As shown in Figure 8 some of the wells 8 are filled with a chemical sensing material 9. Different materials are used in respective different wells, with picopippetting techniques being used to dispense a material 9 in a liquid form into the wells. Some of the wells are left empty and the associated microcantilevers act as references in the final device. The solvents are driven off to leave the materials 9 in the wells. The wells 8 are accurately defined and thus the chemically sensitive materials are also accurately defined.
Then the additional layer of PiRL 7 is removed, as is the first layer of PiRL 2 underlying the polyimide regions 6, to leave an array of polyimide microcantilevers 10, shown in Figure 9. The steps shown in Figures 6 to 9 may be applicable to other types of MEMs device.
In another method in accordance with the invention, the starting point involves taking a silicon substrate on which silicon or silicon nitride microcantilevers have already been fabricated. PiRL is deposited around and underneath the microcantilevers and then etched to define wells on the top surfaces of the microcantilevers which are then able to receive materials, in a similar way to the steps shown in Figures 6, 7 and 8. The PiRL is then removed to leave coated microcantilevers.
Although the methods described above concern forming sensor arrays used for chemical sensing to detect, for example, aromas, the method may be also applied to other forms of sensors, for example thermal sensors. The method may also be used in devices where the microcantilevers are designed to perform as switches or actuators, or some other function.

Claims

1. A method of fabricating a micromechanical component on a substrate, including the steps of: taking a substrate; laying down a layer of first material on the substrate; removing part of the first material to define a pattern of at least one well; laying down a second material on the pattern first material; and then removing the first material from between the second material and the substrate, the second material forming the micromechanical component.

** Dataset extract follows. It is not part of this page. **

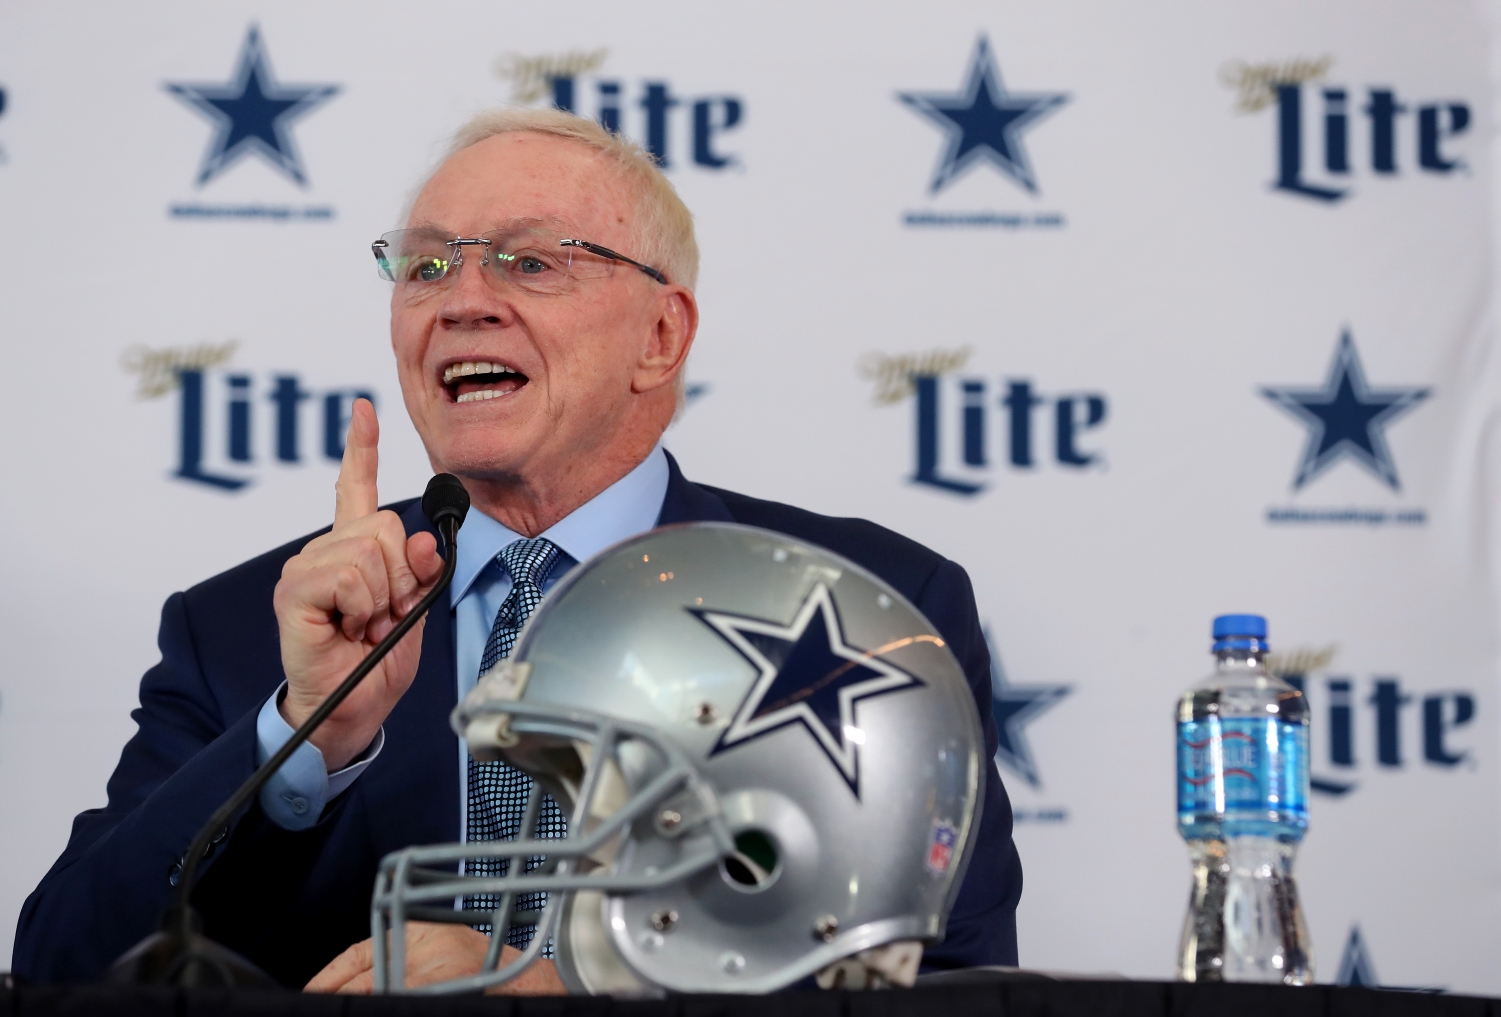 Dallas Cowboys owner Jerry Jones speaks at a press conference.

2. A method as claimed in claim 1 wherein the first material is PiRL.
3. A method as claimed in claim 1 or 2 wherein the second material is polymeric.
4. A method as claimed in claim 3 wherein the second material is polyimide.
5. A method as claimed in any preceding claim wherein the substrate is silicon or glass.
6. A method as claimed in any preceding claim wherein the micromechanical component is a microcantilever.
7. A method as claimed in any preceding claim wherein an array of micromechanical components is formed.
. A method as claimed in any preceding claim and including the steps of laying down a third material on the second material; then removing some of the third material to define a well; and adding a fourth material in the well.
9. A method as claimed in claim 8 wherein the second and third materials are the same.
10. A method as claimed in claim 8 or 9 wherein the fourth material is chemically sensitive material.
11. A method as claimed in claim 8, 9 or 10 wherein respective different fourth materials are added to different wells defined in the third material.
12. A method as claimed in any one of claims 8 to 11 wherein the step is included of removing the third material after the fourth material has been added to the well.
13. A method as claimed in any preceding claim wherein the micromechanical component is included in a sensor device.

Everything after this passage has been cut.